How to Improve Knowledge and Bonds With Disagreements
Jay Calangi
Technical Recruiter at Thakral One | Ateneo BS Management Engineering 2020 | Let's connect!
There’s so much bad argument out there but disagreement is needed. Disagreement is our way of thinking collaboratively and can unite people. Your emotions will be tied to your point as we think with emotions. Emotions will be key in driving us to better answers and arguments. Conflict isn’t often about facts but the state of your relationships. If there’s no good relationship, you cannot have a rational argument.
Some cultures consider more context whenever having discussions. But, with western cultures, it is much more direct given the diverse culture. The more people are willing to speak up, the more disagreements will happen. Online, it’s bad to disagree with people as context is harder to grasp.
Conflict can strengthen your knowledge and relationships. Disagreements cause stress on relationships but this brings strength. Research shows issues get resolved quicker during heated arguments. This is because you get to see what the person thinks about things.

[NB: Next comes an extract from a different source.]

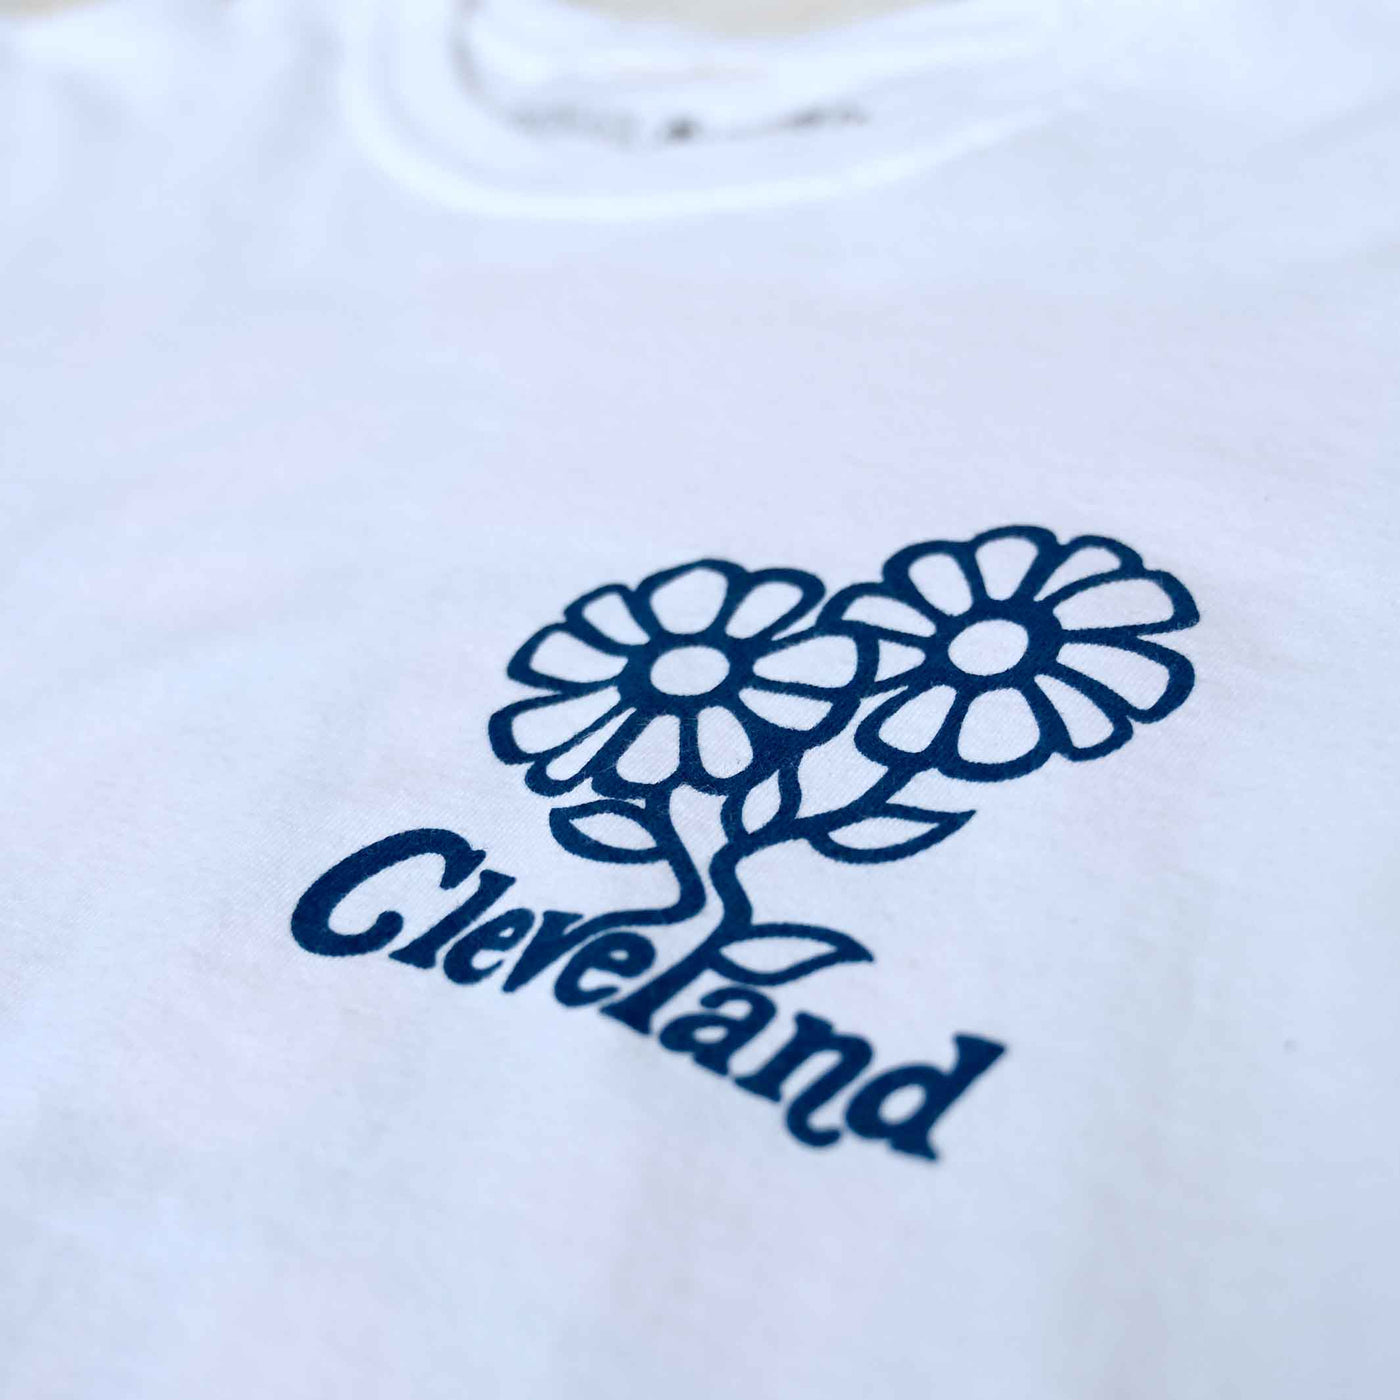 Cleveland Flowers - Crewneck T-Shirt
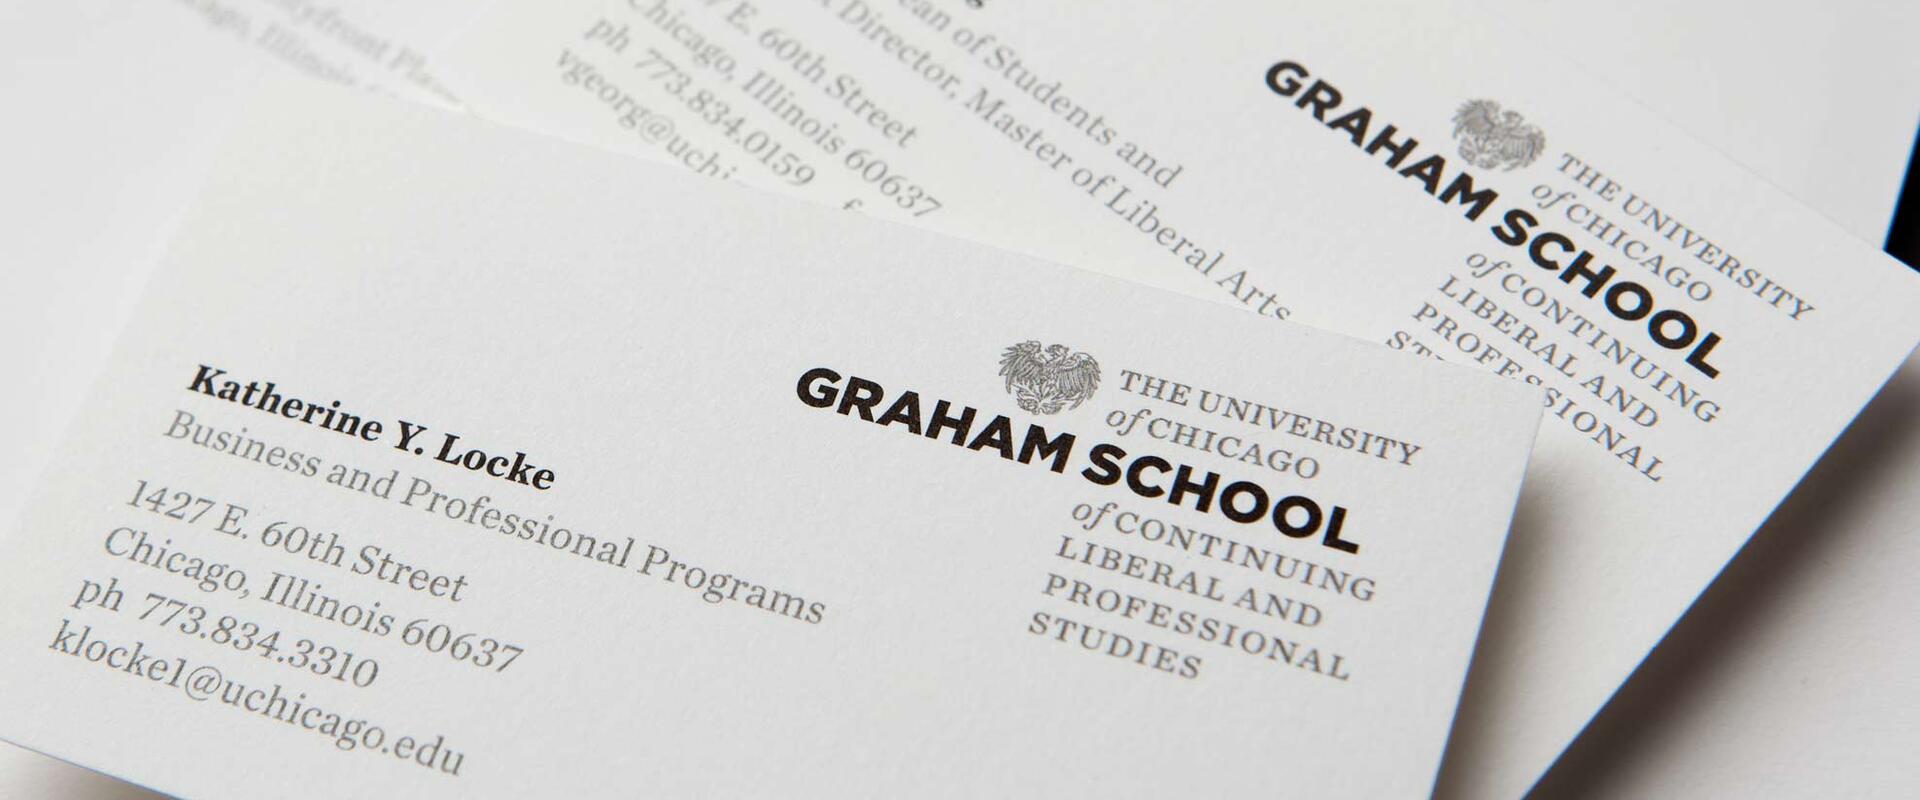 19A-63_Graham School Branding Program_Bart Crosby/Joanna Vodopivec

If you don’t know people’s strong opinions, you don’t truly know them. You better know this person quickly if you want a long-term relationship. Avoiding disagreements, they may be expressed passive-aggressively. Then, disagreements should not be seen as high-stakes but normal.
Very productive disagreements occur when you’re emotionally invested. This is because you’ll be working harder to come up with reasons. Know that disagreements are not about winning but about discovering. It’s not about one person being right but both people concluding.
Disagreements go wrong when you ignore creating a good relationship. Make sure you settle the person down first and make them more secure. People are not going to have a good disagreement if they feel insecure. Then, you need to give the other person freedom and your interest. Don’t force a person to speak up on a disagreement or show no interest. The worst problem in disagreements is it becomes a power struggle.